Neither he nor Barnikel could think of what to do until the Dane, remembering Osric’s ingenuity when they had smuggled the arms before, at last suggested: “Let’s ask our little carpenter. Perhaps he’ll have a bright idea.”
And it was after listening to them carefully and thinking for some time, that Osric came up with a suggestion which caused the huge old Dane to gasp and then roar with laughter before crying:
“It’s so outrageous, I do believe it might work.”
Tap. Tap. As softly as he could. The little hammer and chisel echoing around the huge, cavernous cellar in the darkness. Tap, tap.

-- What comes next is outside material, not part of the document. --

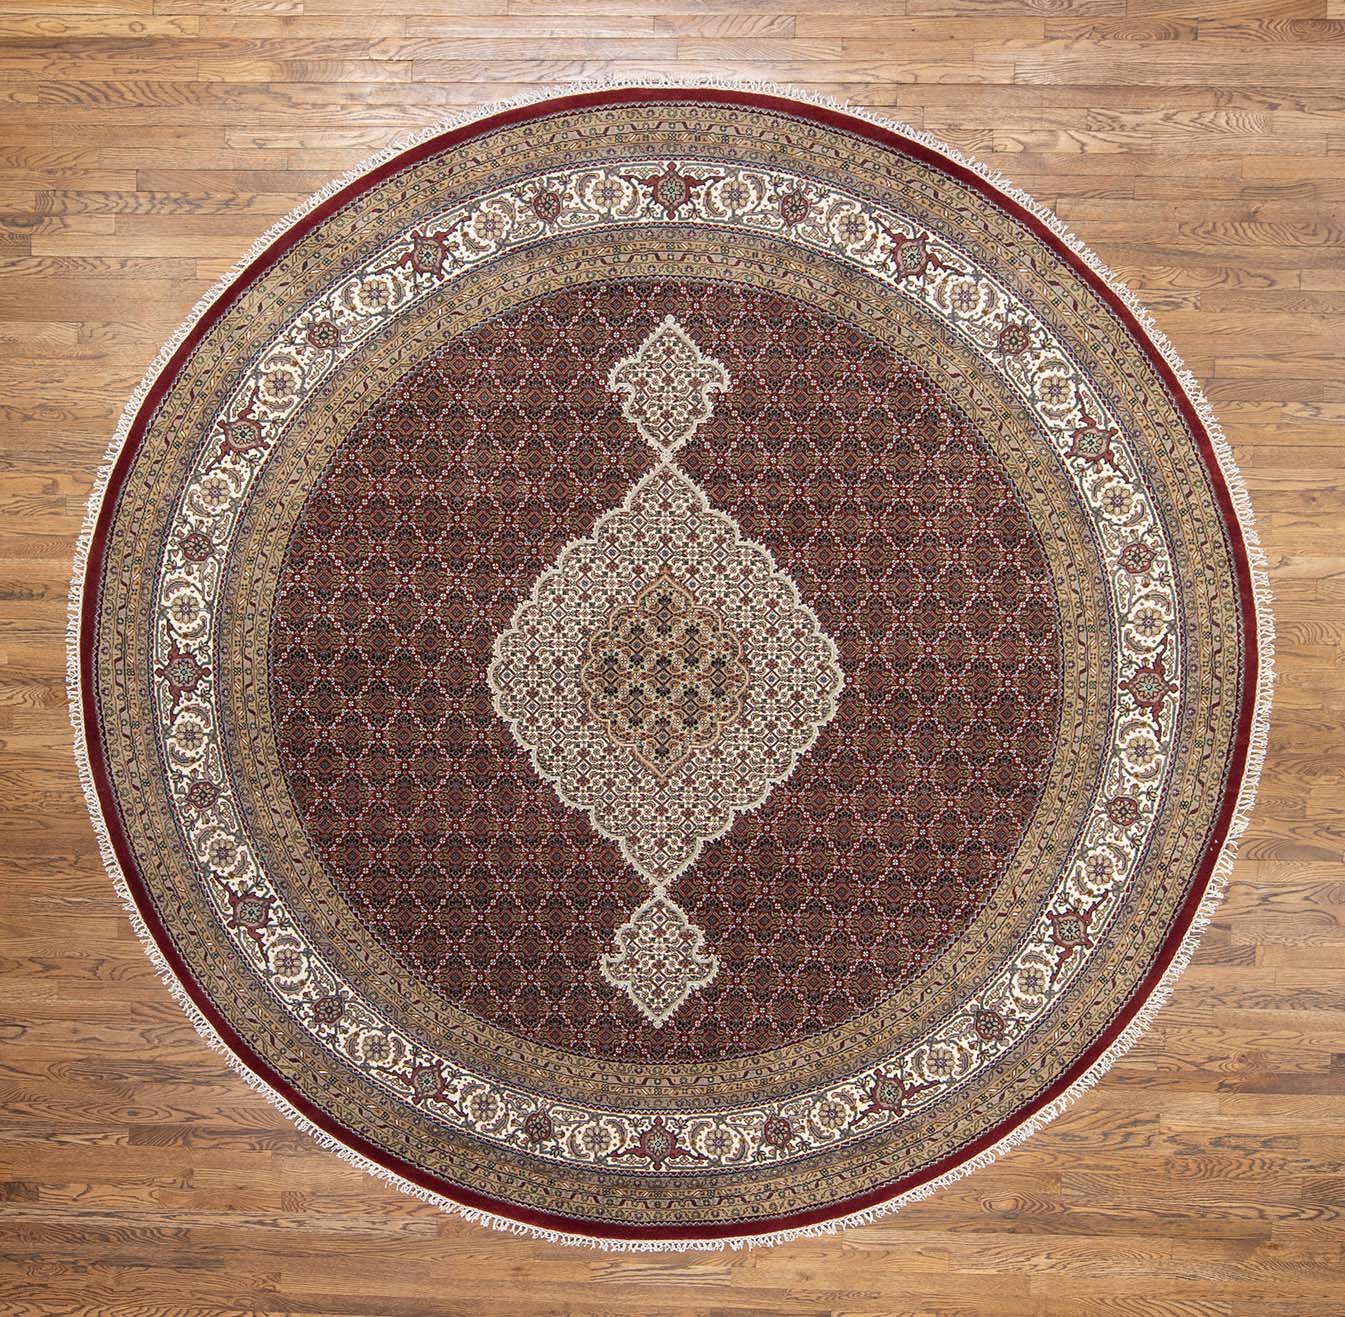 10 Round Rugs For Every Budget
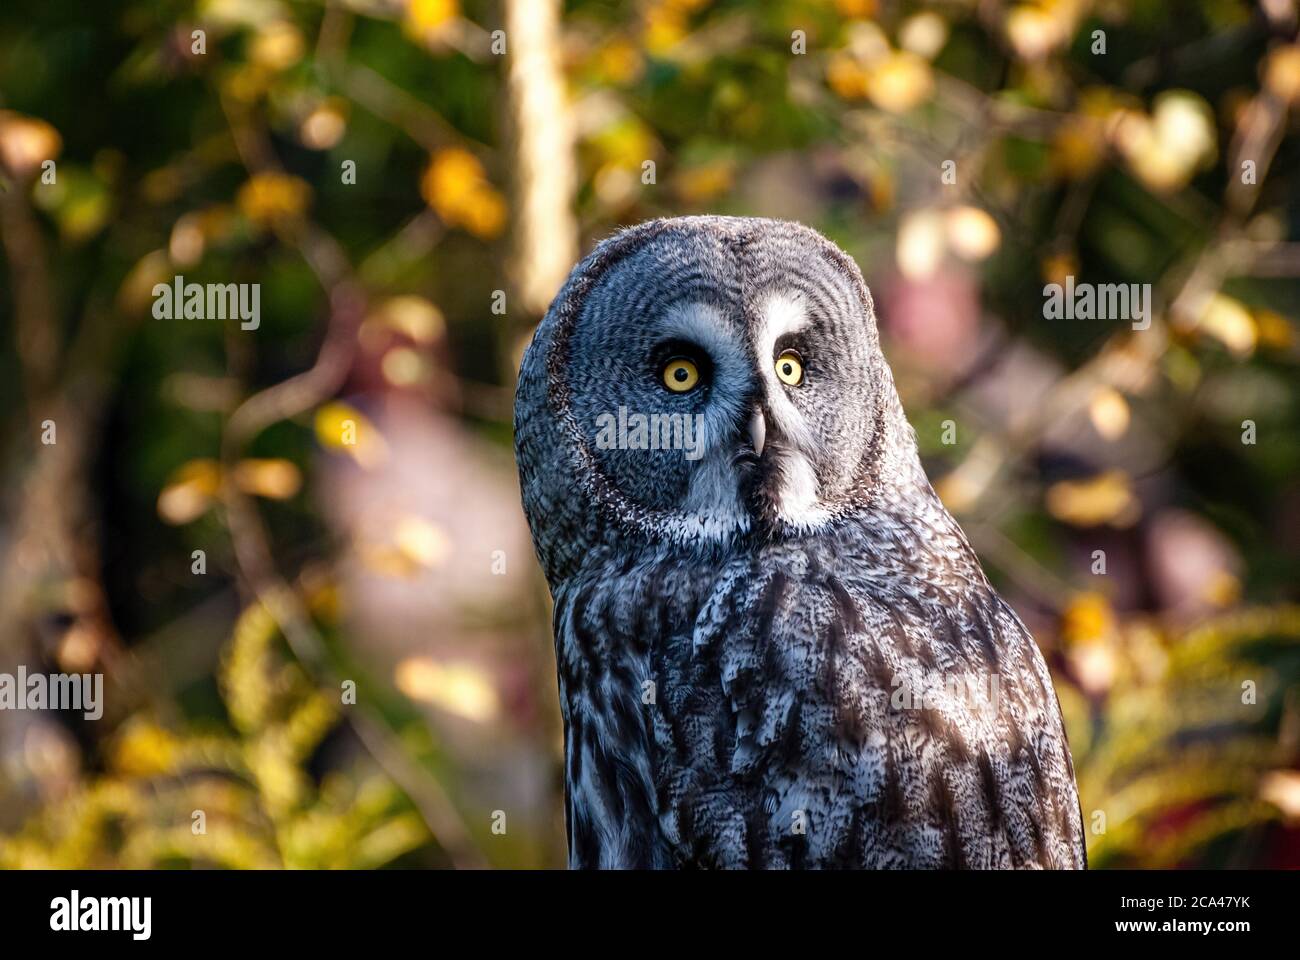 The great grey owl or great gray owl (Strix nebulosa) is a very large owl. Stock Photo

Sometimes he held his breath, hardly able to believe that the short, sharp sounds could be muffled even by the thick walls of the Tower.
Tink, chink, he softly dislodged the mortar. Tap, scrape, he gently removed a stone. All by the light of a little oil lamp in the pitch-black cellar below the crypt. Tink, tink, like a busy gnome Osric burrowed in the bowels of the mighty Norman keep.
It was the strongroom he had made three years earlier that had given him the idea. “The wall beside the crypt was about twenty feet thick,” he pointed out to Barnikel. “So if there was enough space in there to make a strongroom, then there must be the same amount of space in the wall of the cellar directly below.” After careful calculation, Barnikel and Alfred had told him that they needed a space about five feet by eight feet to store all the illicit arms they had. Could he create such a thing?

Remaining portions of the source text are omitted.